Hinter mir liegt eine Woche
Wanderurlaub im schönen Sauerland. Den ganzen Tag an der
frischen Luft, herrlich! Übernachtet haben wir in Hotels und
kleinen Pensionen. Die kleinen Ortschaften waren „wie aus dem Ei
gepellt“. Wohin das Auge auch blickte, kleines, gediegenes
Privateigentum. Schmucke Häuschen, entweder neu oder
aufpoliertes Fachwerk. Da steckt „Kohle“ drin! Größere
Ortschaften haben auch schon mal ein kleines „Villenviertel“,
schön gelegen, oberhalb der Ortschaft, am Berghang. Keine Frage,
hier wohnt „die Mitte der Gesellschaft“, ob Selbständige oder
recht gut verdienenden Lohnabhängige.
Immer wieder ging mir der
Gedanke durch den Kopf, welches Interesse Menschen, die hier
leben, wohl an einer radikalen sozialen Umwälzung der
Gesellschaft entwickeln sollten? Die Gesamtheit der
Lebensumstände lässt sich aus dem Anblick des schmucken
Eigentums kaum ablesen, aber auf materielle Not lässt das alles
nicht schließen und damit auch nicht auf Notwendigkeit einer
solchen Umwälzung.
Der ins Auge springende private
Wohlstand soll nicht verwechselt werden mit dem überschießenden
privaten Reichtum, der nach rentabler Geldanlage schreit, also
mit Kapital, dass sich verwerten muss, aber er drückt ein
außerordentlich hohes Konsumniveau aus, dass viele Wünsche zu
befriedigen vermag oder für attraktive Ersatzbefriedigung sorgt.
Dieser Wohlstand der „gesellschaftlichen Mitte“, um deren Gunst
die Parteien werben, ist Produkt des Nachkriegskapitalismus.

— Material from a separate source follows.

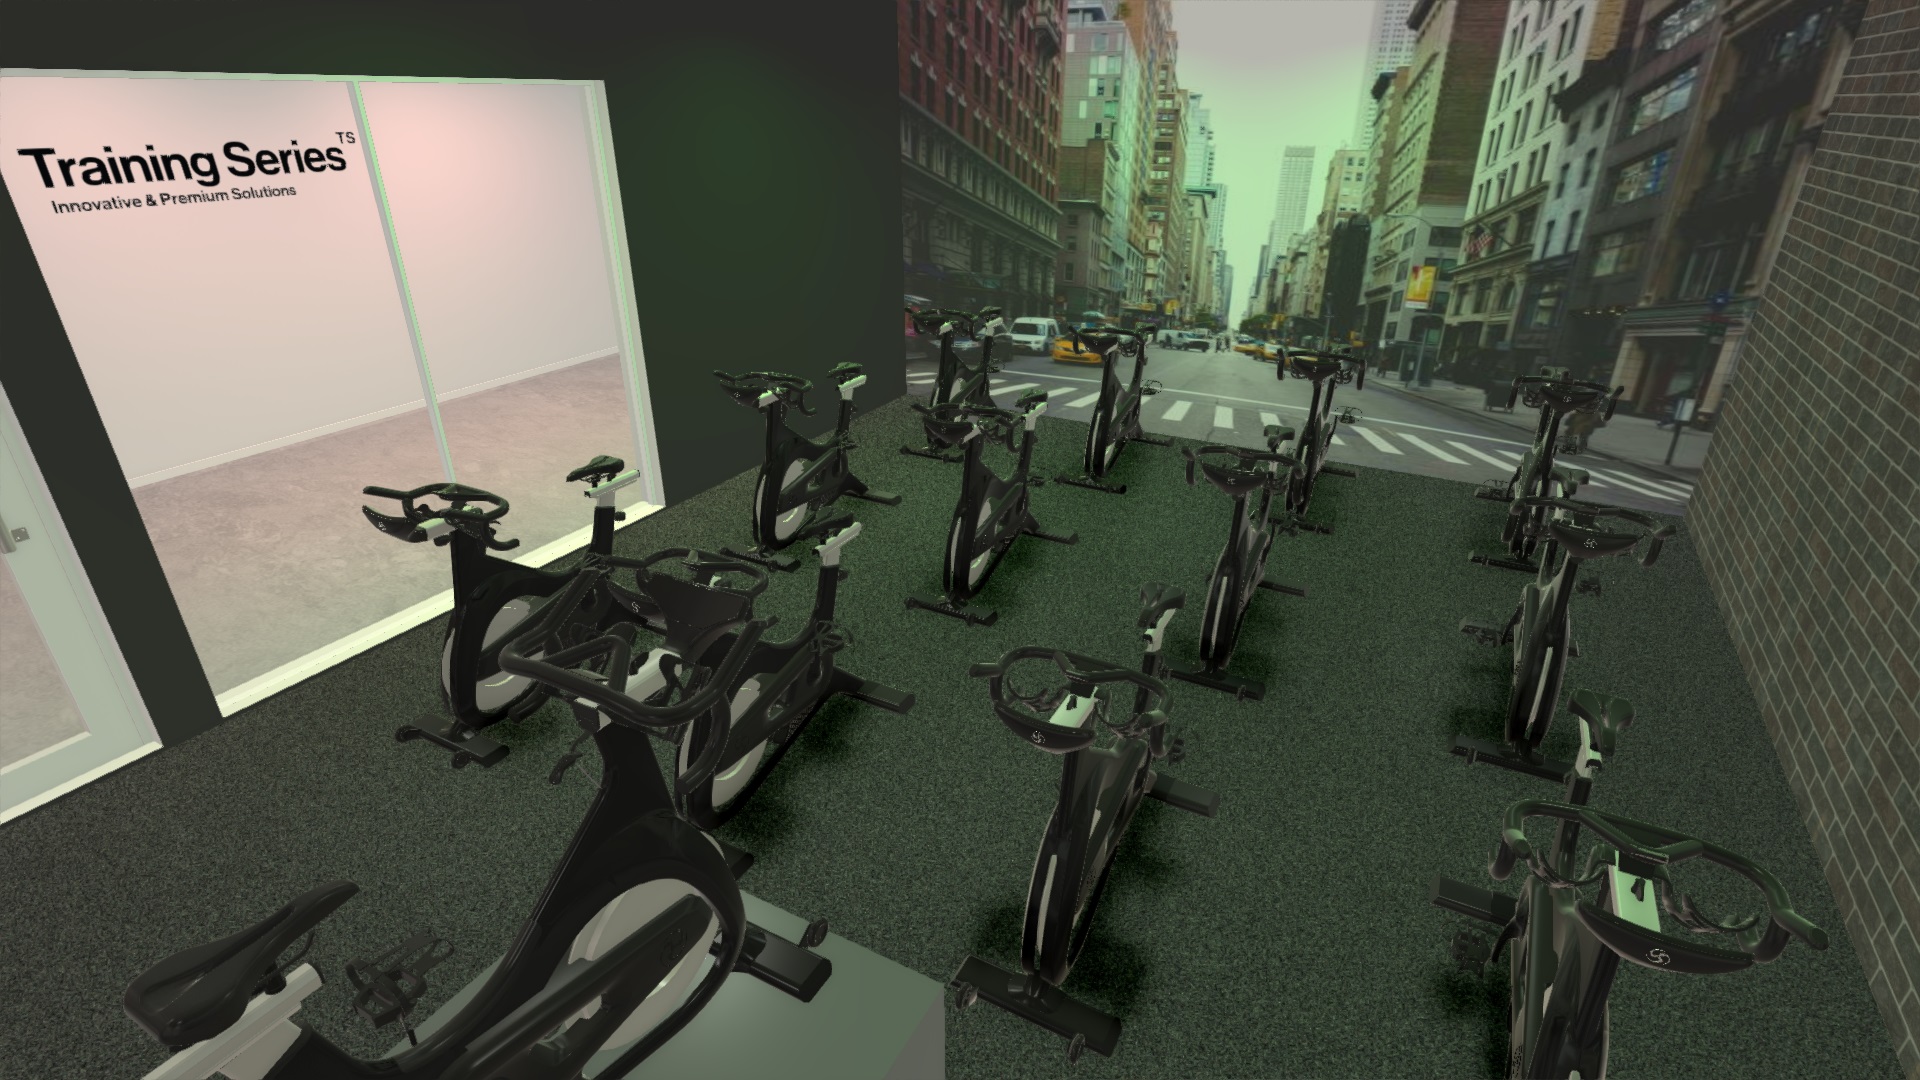 Training Series club fitness aménagement intérieur studio cycling maquette modélisation 3D

Erst die rapide steigende Zahl privater Insolvenzen zeigt an,
dass dieser Wohlstand „abgetragen“ wird. Grundstücke und Häuser,
der Inbegriff des Privateigentums des „kleinen Mannes“ geraten
unter den Hammer und werden versteigert. Die „Mitte der
Gesellschaft“ ist jedoch sehr breit und es bedarf großer
Erschütterungen, diese Form des Privateigentums zu zerstören.
Das Sauerland steht in
Deutschland nicht alleine da, es gibt einige solcher
„kleinbürgerlichen Idyllen“, die die Menschen an eine
Perspektive im Kapitalismus glauben lassen.
Unser Wanderweg endete in
Dillenburg und von hier sollte es mit dem Zug zurück ins
Ruhrgebiet gehen. Unser erster Zug sollte uns von Dillenburg
nach Siegen bringen und von hier mit einem Anschlusszug (10 Min.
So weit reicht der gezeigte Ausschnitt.